▶ **WHAT YOU NEED TO DO**:
Take the listing below and write it out again exactly, skipping any picture that it holds.

---------- DATASET SECTION

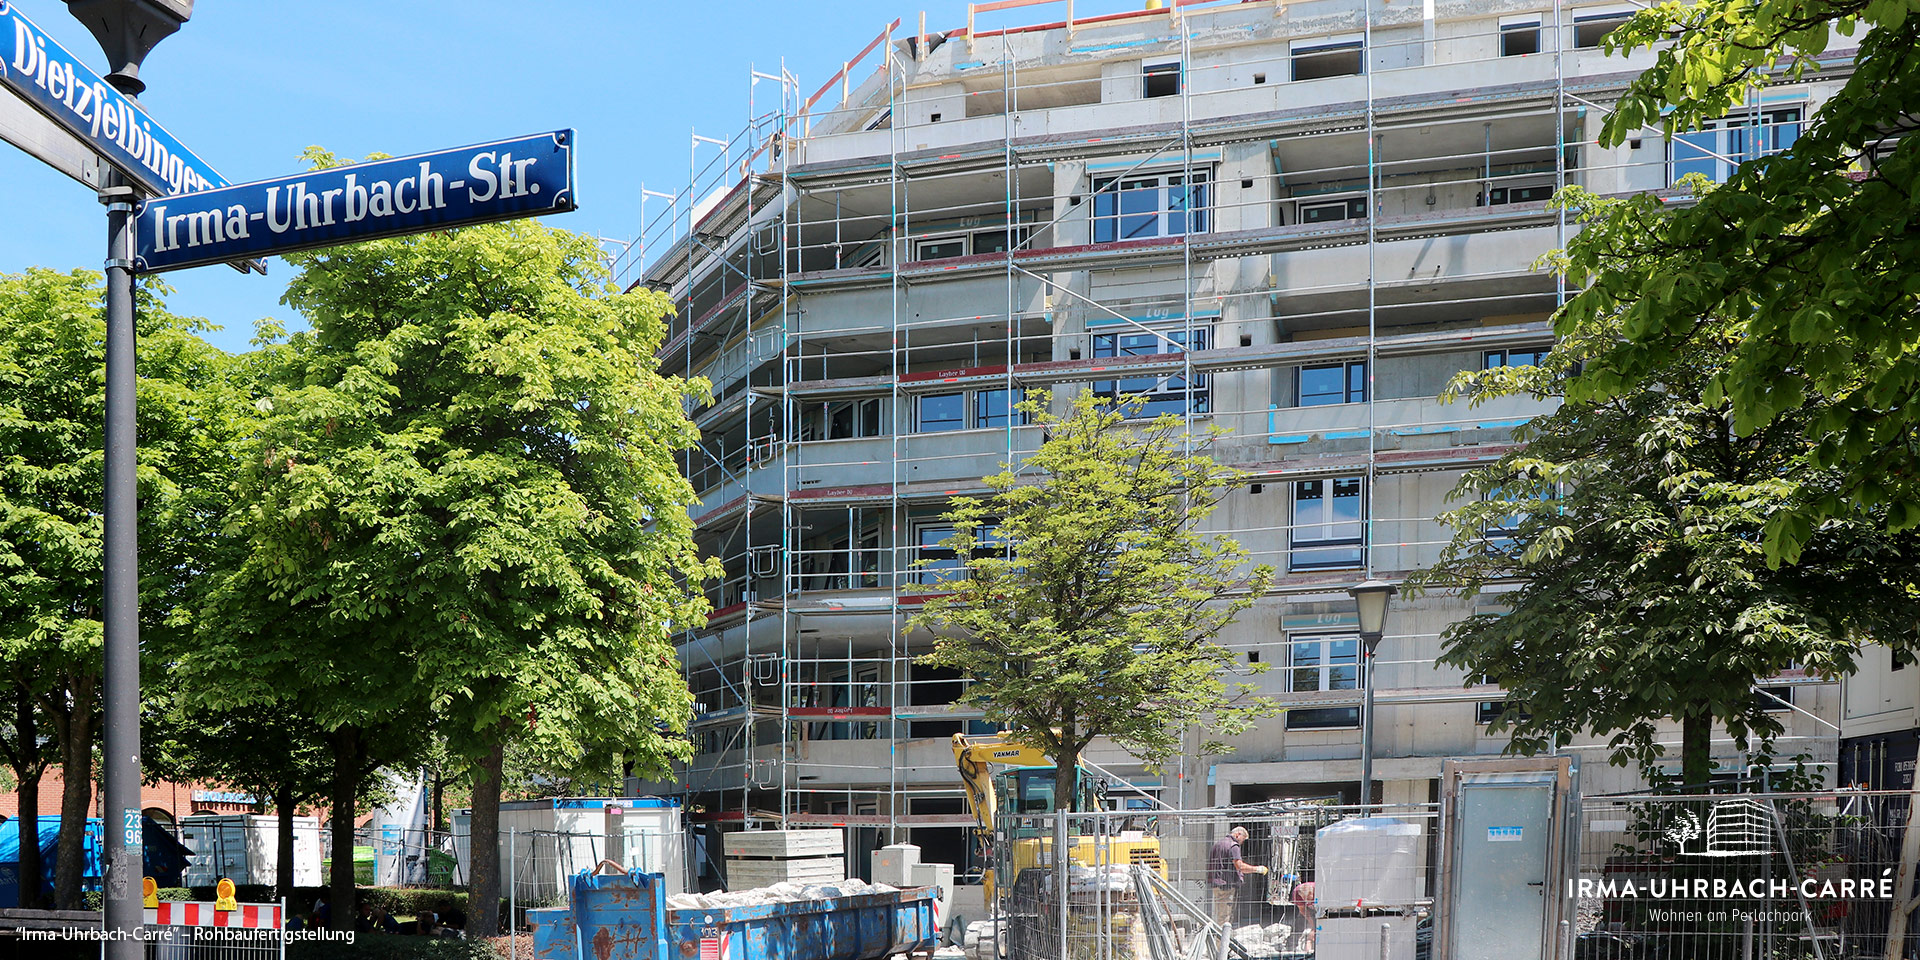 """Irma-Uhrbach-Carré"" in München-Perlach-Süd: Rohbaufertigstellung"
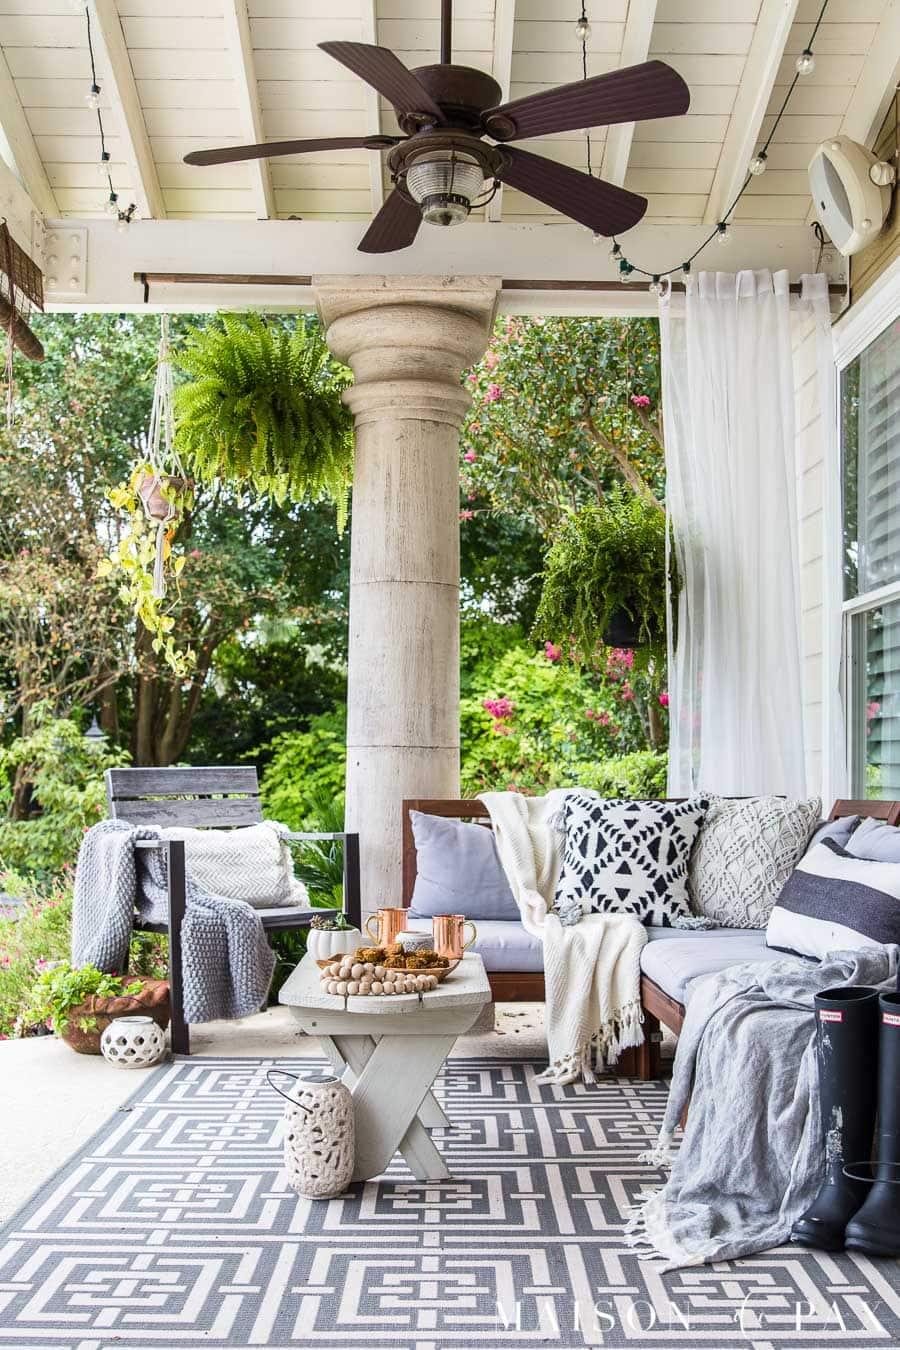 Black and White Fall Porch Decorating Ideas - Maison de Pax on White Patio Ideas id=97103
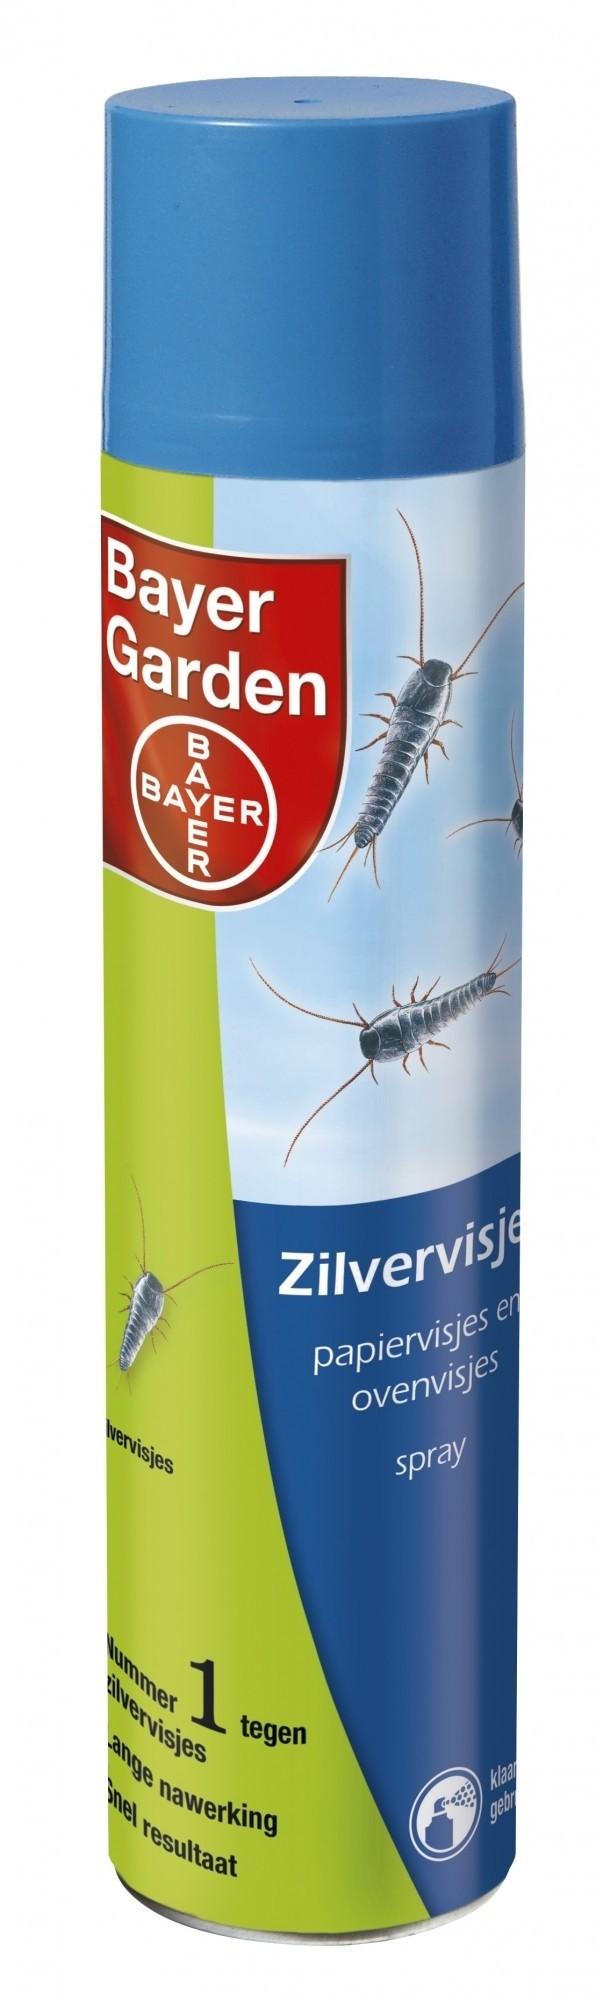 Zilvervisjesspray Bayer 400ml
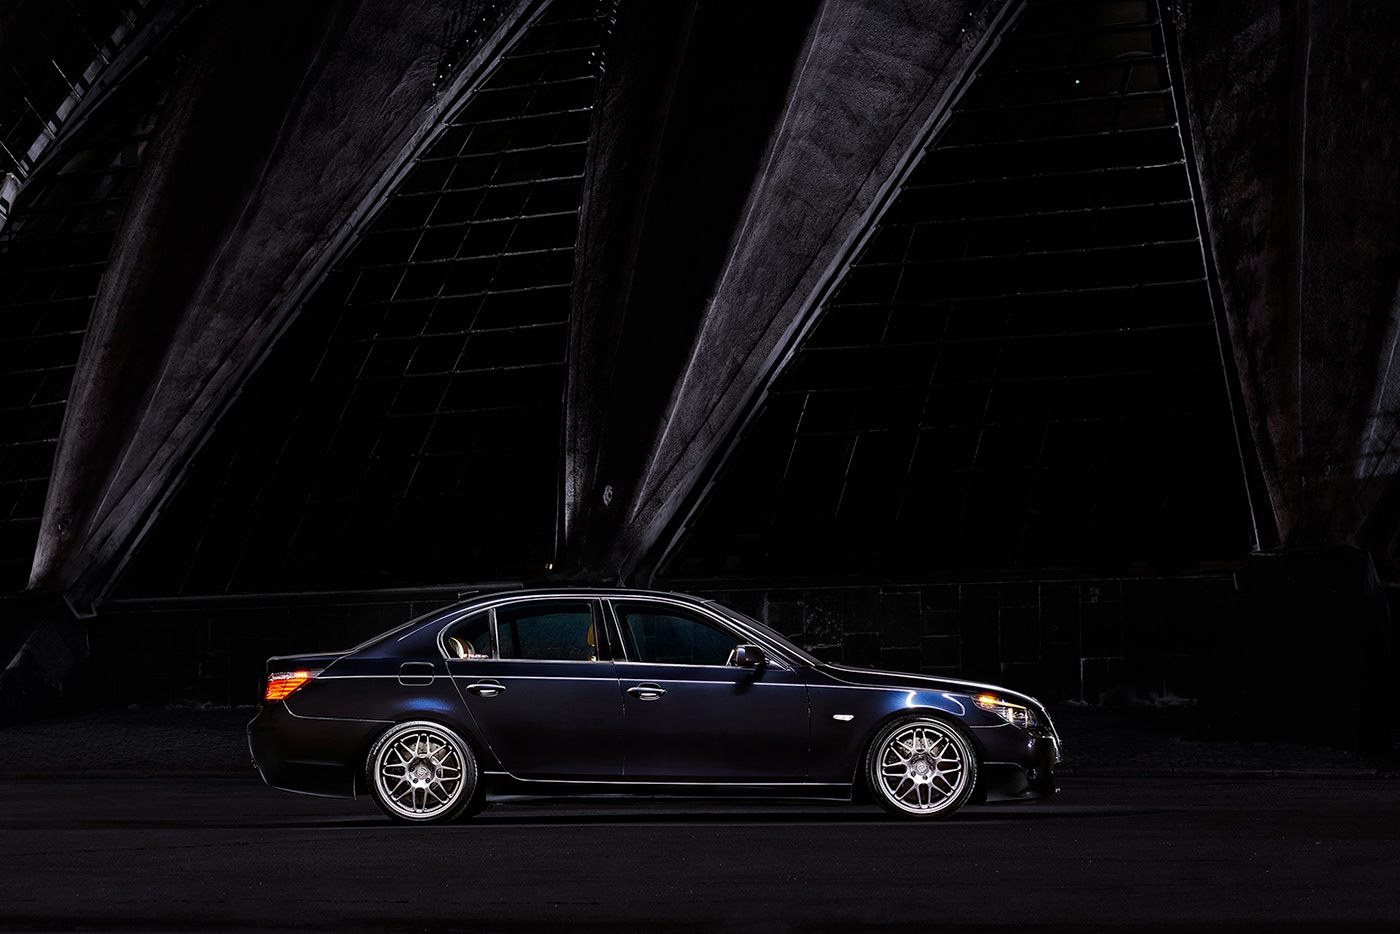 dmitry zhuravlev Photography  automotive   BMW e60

--------------------

▶ **RESULT**:
 """Irma-Uhrbach-Carré"" in München-Perlach-Süd: Rohbaufertigstellung"
 Black and White Fall Porch Decorating Ideas - Maison de Pax on White Patio Ideas id=97103
 Zilvervisjesspray Bayer 400ml
 dmitry zhuravlev Photography  automotive   BMW e60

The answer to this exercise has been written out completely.